The invoice
BASF, the world’s largest chemical company, announced in 2022 it would permanently downsize operations in Ludwigshafen — its hometown, its founding site — and shift investment to China. The reason was not labor costs, not regulation, not taxes. The reason was the electricity bill. German industrial electricity prices reached three times the US average. A glass factory in the Rhine valley that survived two world wars could not survive the Energiewende.
We do not have a position on reactor physics or cesium half-lives. We have a position on whether European industry can compete when electricity costs what it costs. The answer, increasingly, is no.

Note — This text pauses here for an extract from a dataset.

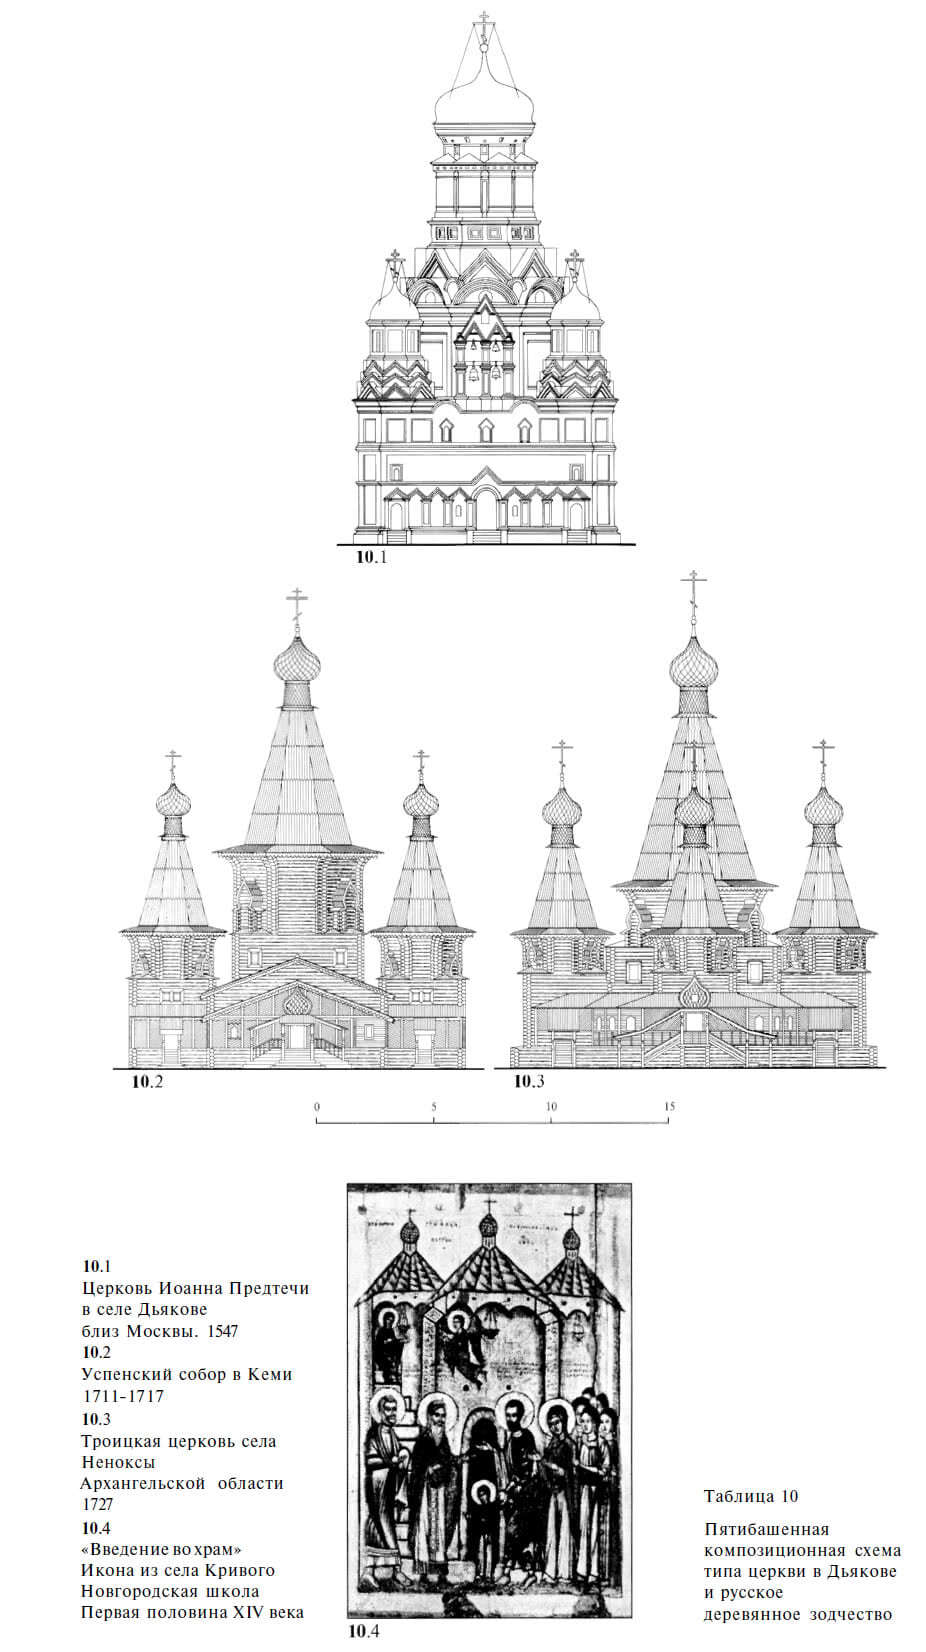 Пятибашенная композиционная схема типа церкви в Дьякове и русское деревянное зодчество

The nuclear advocates and the green transition argue about which electrons are morally preferable. We want electrons that cost less than the margin on the product. France’s nuclear-powered industrial rate is roughly half of Germany’s renewable-powered rate. That difference does not show up in climate models. It shows up in plant closures, in supply chain relocations, in the quiet migration of capital to jurisdictions that prioritized affordability over ideology. The sovereignty analysts frame energy as security. We agree — and add that a deindustrialized Europe has nothing left to secure.

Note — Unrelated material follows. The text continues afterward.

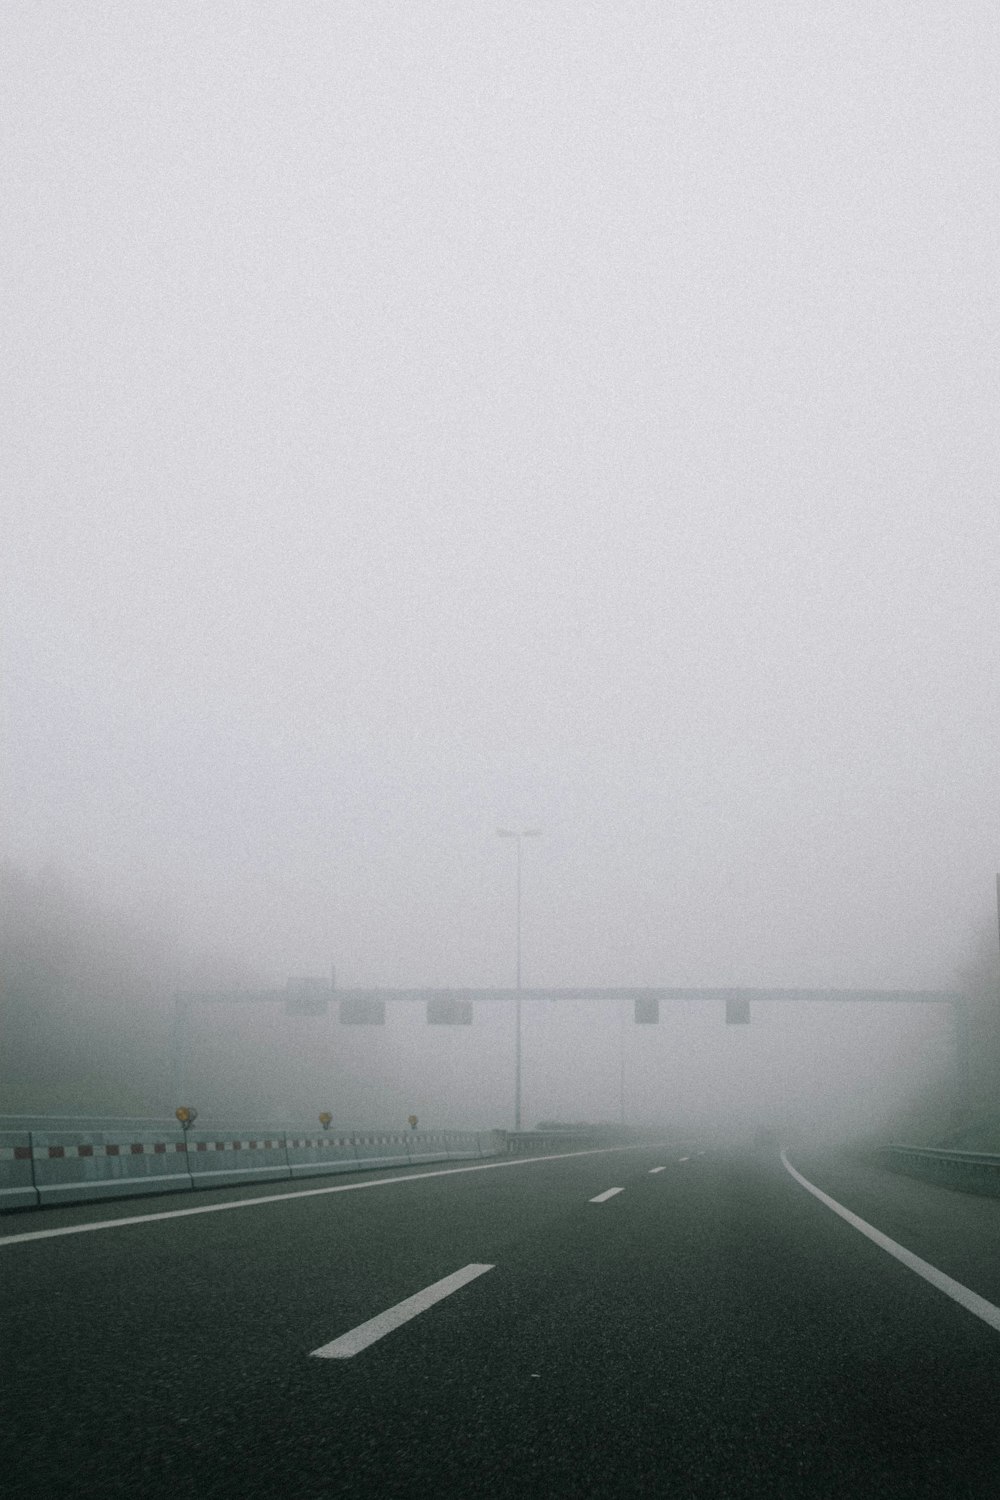 Carretera de asfalto gris durante el tiempo de niebla

The European Green Deal promises net zero by 2050. If the path to net zero runs through electricity prices that hollow out the industrial base, the continent arrives at 2050 clean and poor. We have not seen anyone model that trade-off honestly.
Where we concede ground: Cheap energy is not inherently clean. Source indifference makes us natural allies of fossil incumbents.
What would change our mind: If EU industrial output grew steadily for a decade at current energy prices, proving competitiveness survives the premium.